Bintang Persib Zalnando Putar Otak Agar Bisnis Kuliner Rendang Bisa Jalan di Masa Pandemi Virus Corona

Oleh Ario Yosia pada 06 Apr 2020, 19:35 WIB
Diperbarui 06 Apr 2020, 19:35 WIB
Zalnando (Persib Bandung)
Zalnando jadi pemain baru Persib mulai musim 2019. (Bola.com/Erwin Snaz)

Bola.com, Jakarta - Imbas negatif dari penyebaran wabah virus vorona COVID-19 di Indonesia memukul berbagai bidang kehidupan. Banyak bidang usaha yang macet, karena aktivitas masyarakat luas jadi terbatas.

Bek kiri Persib Bandung, Zalnando, blak-blakan mengakui bisnis kuliner yang dijalankannya juga terdampak akibat pandemi COVID-19.

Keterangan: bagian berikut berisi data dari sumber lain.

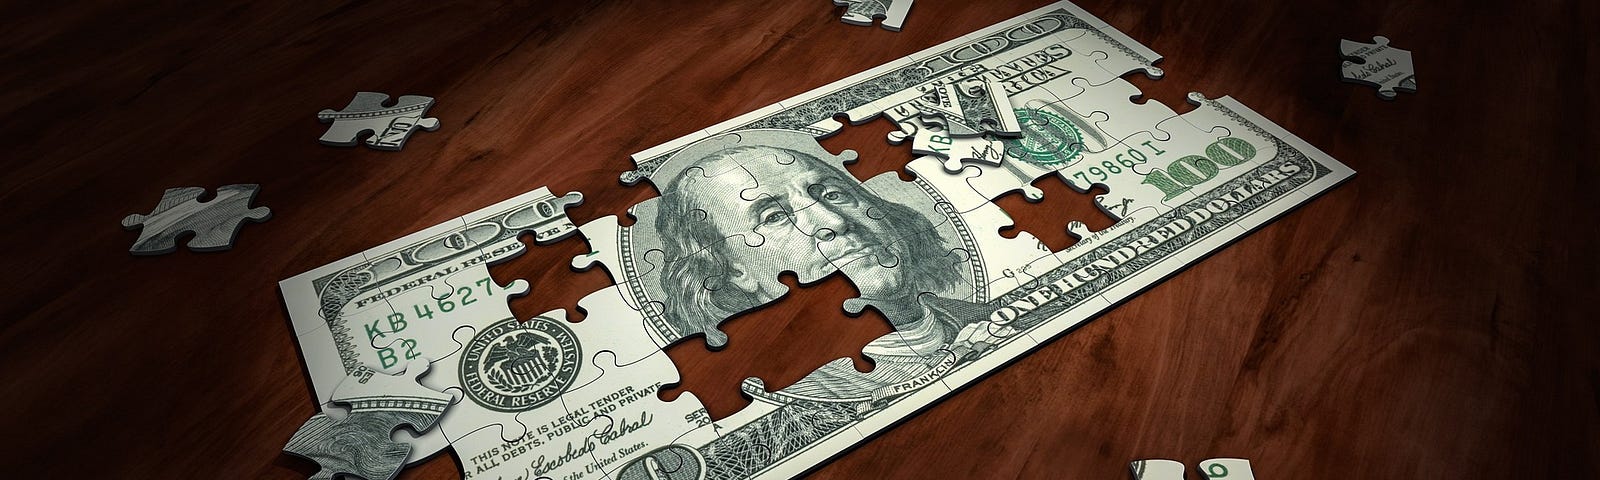 The image shows a 100 dollar bill jigsaw puzzle
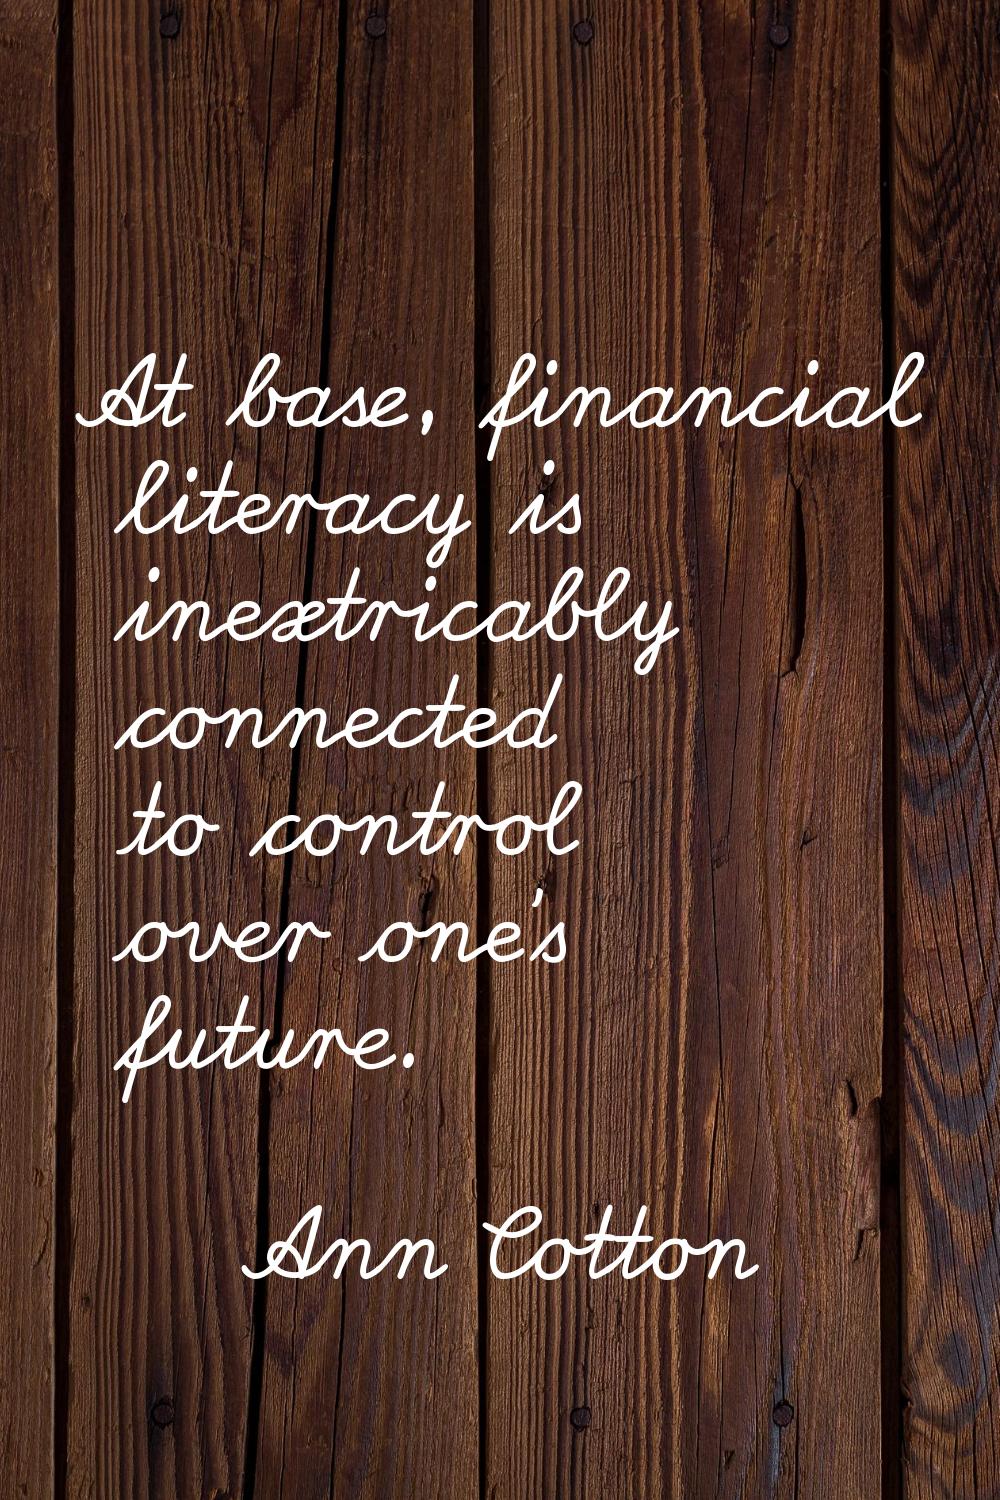 At base, financial literacy is inextricably connected to control over one's future.

Selain sebagai pesepak bola profesional, Zalnando juga menjalankan usaha kuliner sejak dua tahun lalu. Zalnando menjual panganan rendang yang diberi merek Rendangpedia.

"Di rumah ada kedai, situasinya sedang sulit saat ini, jadi saya tutup dulu. Tapi supaya bisa membantu, saya jualan online juga," kata Zalnando dikutip dari Pikiran Rakyat.

Di sisi lain, Zalnando juga tetap ingin membantu mereka yang terdampak wabah COVID-19 melalui bisnisnya tersebut.

Zalnando menyediakan potongan harga khusus bagi mereka yang tetap harus bekerja di luar rumah saat situasi wabah seperti saat ini. Beberapa di antaranya adalah perawat, dokter, dan polisi.

"Bukan hanya pejuang kemanusiaan di rumah sakit, tapi juga polisi dan mereka yang tetap bekerja untuk kemanusiaan dalam situasi wabah ini. Saya berikan potongan 20 persen," ujar Zalnando.

 

2 dari 3 halaman

Latihan Jarak Jauh

Gelandang Persib Bandung, Febri Hariyadi, mengontrol bola saat melawan TIRA Persikabo pada laga Piala Presiden 2019. (Bola.com/Yoppy Renato)
Gelandang Persib Bandung, Febri Hariyadi, mengontrol bola saat melawan TIRA Persikabo pada laga Piala Presiden 2019 di Stadion Si Jalak Harupat, Bandung, Sabtu (2/3). Persib kalah 1-2 dari TIRA. (Bola.com/Yoppy Renato)

Persib Bandung resmi menghentikan total aktivitasnya sejak tanggal 24 Maret 2020 imbas pandemi virus corona COVID-19 yang melanda Indonesia. Latihan rutin para pemain pun digelar secara mandiri di rumah masing-masing.

"Seminggu dua kali ada latihan ketahanan tubuh. Sekali dalam seminggu ada latihan aerobik dan anaerobik. Setelahnya, mereka pemain bisa latihan masing-masing sesuai kebutuhan," kata pelatih Persib, Robert Alberts seperti dilansir media lokal Jawa Barat, Pikiran Rakyat.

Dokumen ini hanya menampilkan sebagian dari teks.